Resignada com a falta de aliados e o pouco tempo que terá na TV, a senadora Marina Silva (PV-AC) busca forças no confronto entre Davi e Golias e na história de Dom Quixote para encarar a corrida presidencial. Com 8% das intenções de voto na última pesquisa Datafolha, ela admite ter “pouquíssima probabilidade” de chegar ao segundo turno. Mesmo assim, tem invocado a passagem bíblica ao prever o futuro de sua pré-candidatura ao Planalto.
“A luta de Davi contra Golias é uma metáfora. Mas é uma metáfora boa, porque Davi vence no final”, gracejou, no início de sua caravana pelo agreste na semana passada.
Em conversas informais, a senadora deixa claro que vê a petista Dilma Rousseff – e não o tucano José Serra, que lidera a disputa- como o gigante a ser batido nas urnas.
“Já ouvi muito esse discurso: “Seja pragmática. A senhora não tem PAC, não tem Bolsa Família, não tem pré-sal, não tem Minha Casa, Minha Vida”. Mas não sou pragmática, sou sonhadora”, disse, em reunião com empresários pernambucanos.

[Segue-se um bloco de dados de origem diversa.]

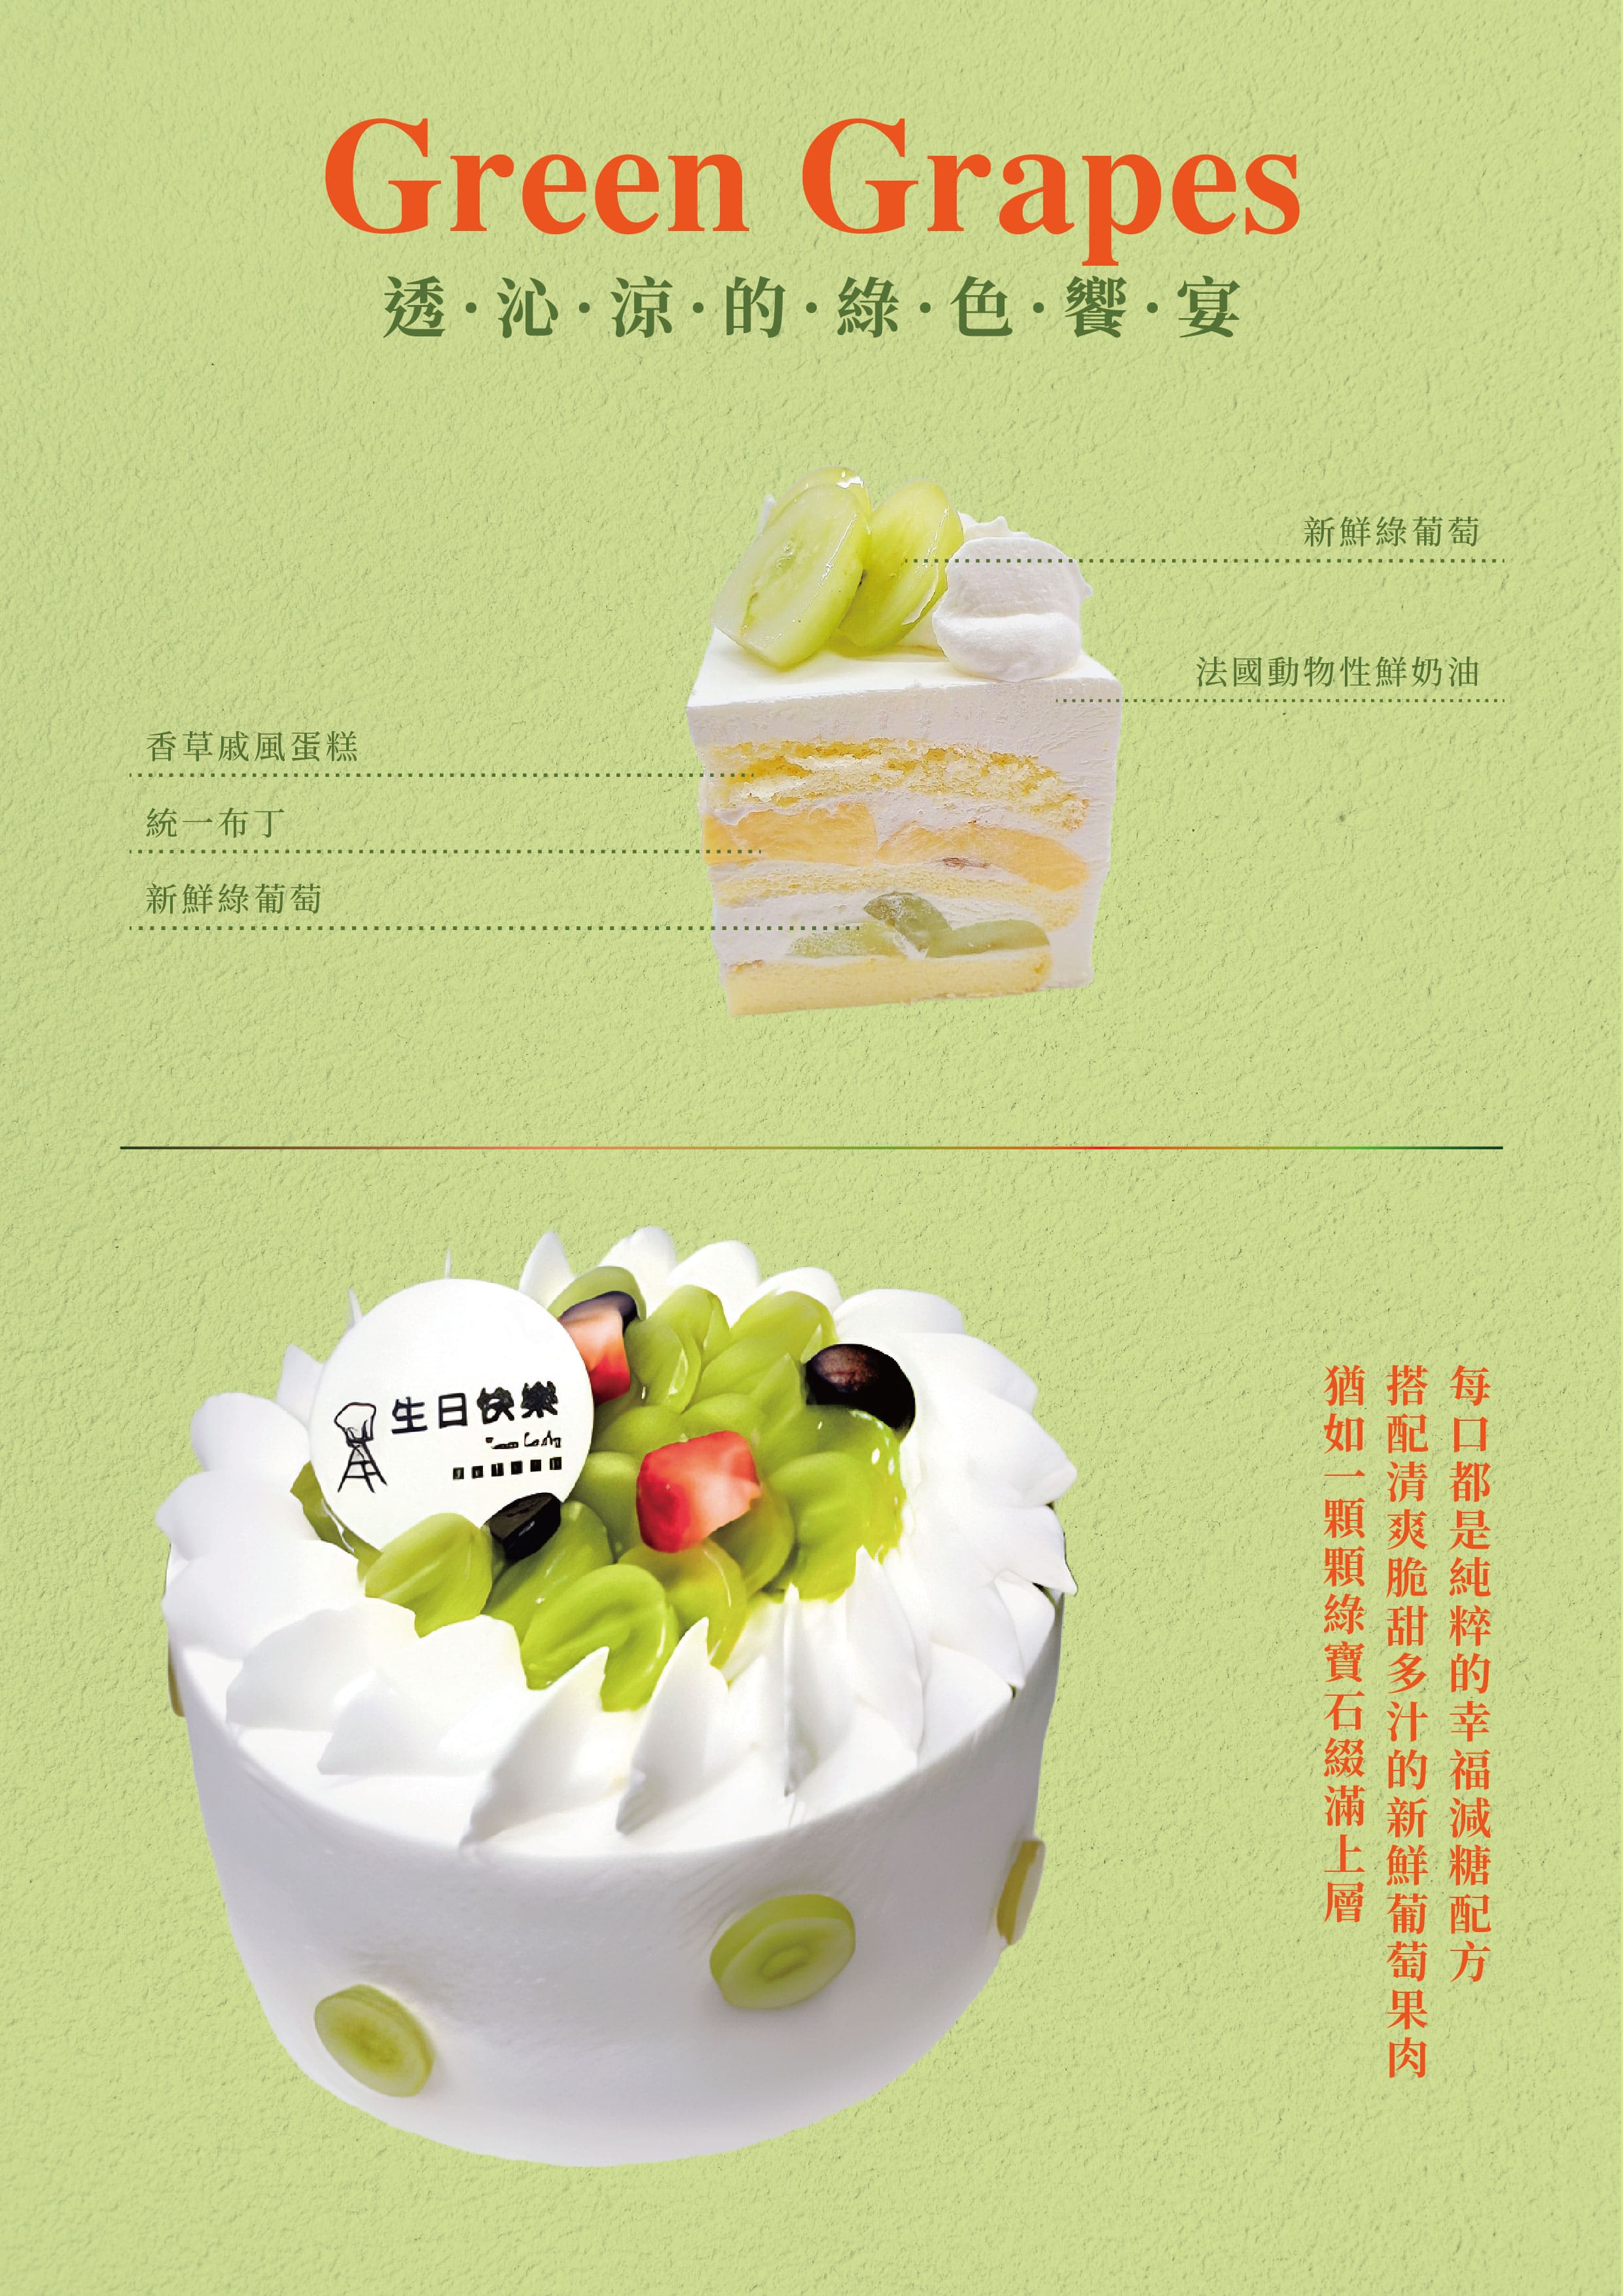 綠葡萄蛋糕-綠葡萄鮮奶油蛋糕-永和蛋糕推薦-中和蛋糕推薦

Em tom de desabafo, Marina reconhece ter ouvido apelos para não trocar uma reeleição certa no Senado – onde já ocupa uma cadeira há 16 anos- pela missão quase impossível de chegar à Presidência na garupa de um partido nanico. Ao justificar a escolha, compara-se a Dom Quixote, o cavaleiro trapalhão de Cervantes.
“A única diferença é que ele duelava com moinhos de vento como se fossem gigantes, e eu duelo com gigantes como se fossem moinhos de vento. Somos igualmente quixotescos”, diz a senadora. “Muita gente não entende por que não quis ficar no Senado. Acontece que a política, para mim, não é essa questão de vida ou morte.”
Diante de interlocutores mais desconfiados, Marina tem relembrado sua biografia para sustentar que vislumbra alguma chance de vitória em outubro. “Tenho que acreditar nisso, porque já venci eleições em condições muito mais adversas. Impossível, não é”, repete, citando suas primeiras campanhas políticas no Acre, pelo PT.
A galeria de exemplos da candidata verde não se limita à Bíblia e à literatura. “Se Mandela fosse pragmático, teria renunciado ao sonho na cadeia. Se Luther King fosse pragmático, não teríamos um negro como presidente dos Estados Unidos”, diz, numa referência ao democrata Barack Obama.
Embora possa parecer ingênuo à primeira vista, o discurso deve ajudar a senadora a ganhar fôlego na disputa, avalia o cientista político Marcus Figueiredo, do Iuperj (Instituto Universitário de Pesquisas do Rio de Janeiro).”A metáfora do pequeno que enfrenta os poderosos é bem compreendida pela população. Jânio Quadros já usou essa ideia com sucesso”, diz o professor, especialista em pesquisas eleitorais.
Na década de 1950, Jânio se elegeu prefeito e governador de São Paulo com o slogan “O tostão contra o milhão”. O mote embalou vitórias sobre o grupo de Adhemar de Barros, que concorria com mais dinheiro e apoio partidário.
Para Figueiredo, Marina tenta marcar posição como alternativa ao establishment, representado na disputa por Serra e Dilma. “É uma estratégia inteligente, mas não vejo muita chance de que ela ganhe votos com isso. Em geral, os eleitores acabam preferindo os poderosos, por achar que eles têm mais chances de fazer alguma coisa por eles”, avalia.
No papel de Davi, a senadora se esforça para atirar as primeiras pedras na direção da gigante petista. Nos últimos dias, ela deu uma pausa no discurso ambientalista para criticar o PAC (Programa de Aceleração do Crescimento), apontado como o maior trunfo eleitoral de Dilma. Resta saber se Serra também entrará em sua mira.